# Sire Marcus Miller Basses



## thedonal (Jun 27, 2017)

Anyone here had some experience with these? Coming to Andertons in the UK in September. Having played a Squier Jazz Bass I loved recently, I started hankering for one. Then these appeared.

The reviews I've seen have all been nothing short of amazing. I'm wondering if there's anyone had one for acouple of years and can give testiment to their reliability over a period of time... 

Ta

Me


----------



## cip 123 (Jun 27, 2017)

I've heard they're very good, Scotts bass lessons, on youtube just did a review of them. Check it out.


----------



## iamaom (Jun 27, 2017)

Haven't used one but I'd take one over a squire or MiM fender any day. People over at talkbass can't praise them enough and Marcus even uses one live.


----------



## thedonal (Jun 27, 2017)

I hear nothing but good things about them. Providing my work shenanigens doesn't go t!ts up, I'll be considering the Vintage 7. Looks like a lovely beast


----------



## Radau (Jun 28, 2017)

I played one, it was actually quite nice


----------



## HeHasTheJazzHands (Jun 28, 2017)

Another bonus is that it's good to have an affordable J with a good preamp system.


----------



## thedonal (Jun 29, 2017)

Definitely


----------



## marcwormjim (Jun 29, 2017)

Indubitably.


----------



## coffeeflush (Jul 3, 2017)

A friend of mine got the 5 string version from the US, its one of the best and most versatile bass's out there without a doubt. The price is nothing for what you, Id normally pay 1000$ for something like this.


----------



## Veldar (Jul 6, 2017)

Yeah they kinda rock, a friend of mine that owns Ken Smith and Fodera basses rates them so...


----------



## Sanrek (Jul 27, 2017)

Spent some time trying the v7 4 and 5 strings versions alongside two MIJ and a MIA Fender J-bass.

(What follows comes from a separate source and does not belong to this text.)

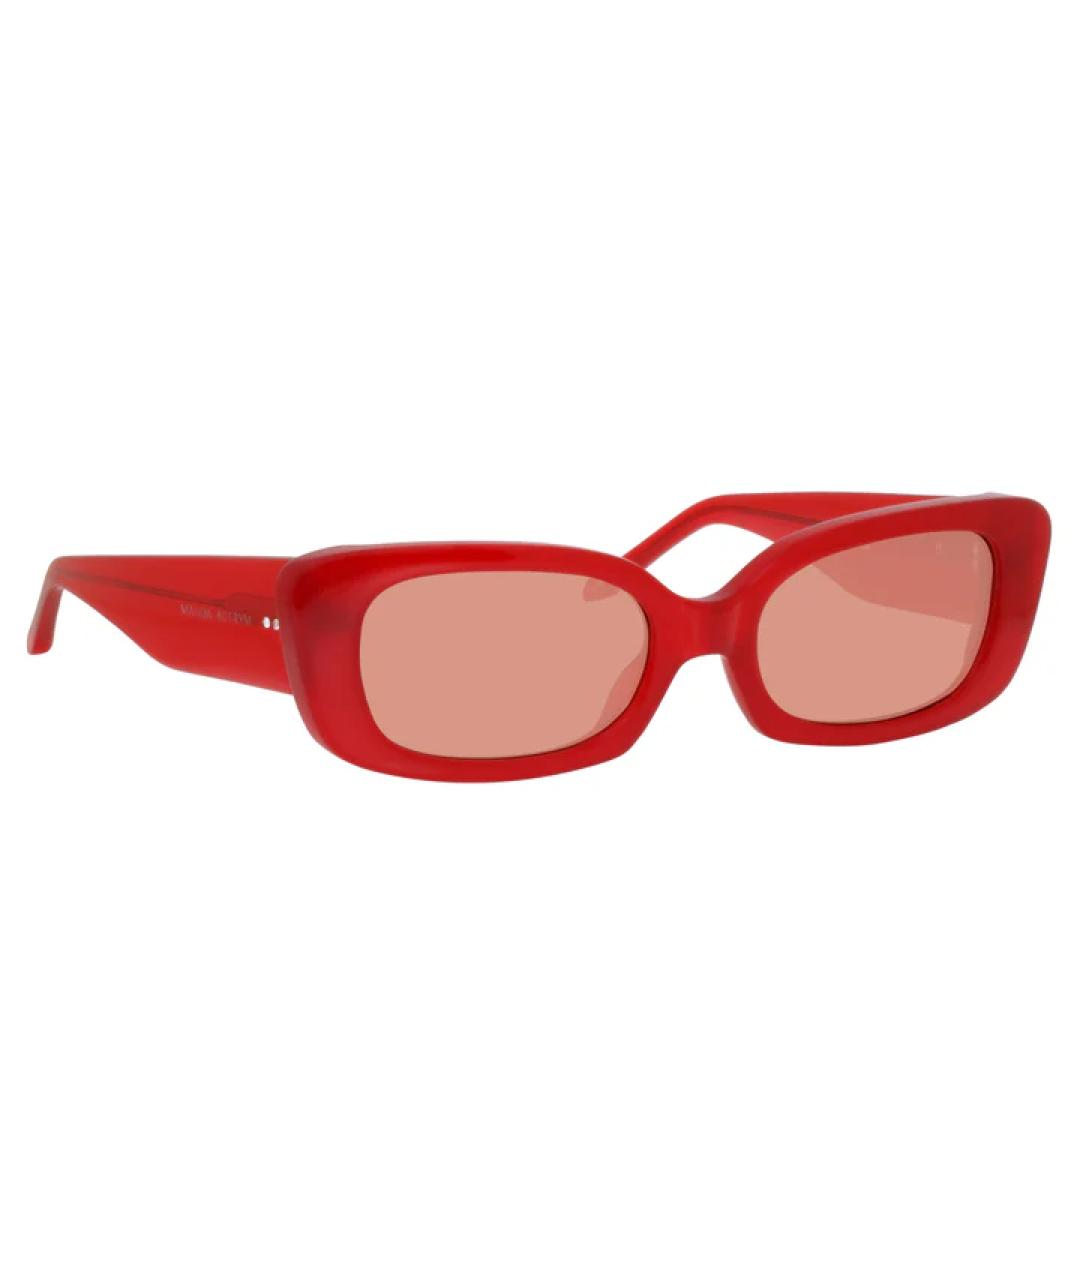 LINDA FARROW Красные солнцезащитные очки, фото 2

Thought they were definitely very nice basses, action, finish, hardware...everything was perfectly made and the stock electronic was impressive.

...Then the shop owner told me their price and I fell out of the chair. For the money I don't see a lot of things that can compete, especially in Europe.


----------



## Timmy-Scandi (Aug 2, 2017)

Did somebody tra the fretless ones?


----------



## thedonal (Mar 22, 2018)

A bit of a necrobump. 

Finally got a Sire V7 4 string- swamp ash. The jazz bass model.

Love it so far- not had it plugged in much, but it plays great. 

I think it needs a bit of relief adjustment- it does look rather (though not completely) straight. The E string is a touch higher than I'd like, but I'll get there with setup.

Playing it in the shop (through a MarkBass amp), it sounded stunning- the mid sweep in the active circuit is really powerful in tone shaping. Can get a nice round, middly sound out of it- just what I love in my bass.


----------



## InCasinoOut (Mar 23, 2018)

Well shit, I knew I needed a new bass eventually after I sold my MIC J-bass to help fund my Talman, and wanted to keep it affordable. Now I'm gassing for these!

And I fuckin' love Marcus Miller. If you only know him for these basses, you should check him out. He's a damn funk machine.


----------



## Andrew Lloyd Webber (Mar 23, 2018)

And _dashing _in a brimmed hat.


----------



## InCasinoOut (Mar 23, 2018)

Andrew Lloyd Webber said:


> And _dashing _in a brimmed hat.


Now, that you mention it, I don't think I've ever seen him without a hat haha. Maybe that's where his mojo comes from.


----------



## thedonal (Mar 23, 2018)

He is a damn good bassist.

And I'm discovering a LOT of funk at the moment. Getting my grooooooove on!


----------



## MaxOfMetal (Mar 23, 2018)

The Sire stuff is surprisingly solid, they're like the LTD EC1000 of J-Bass copies.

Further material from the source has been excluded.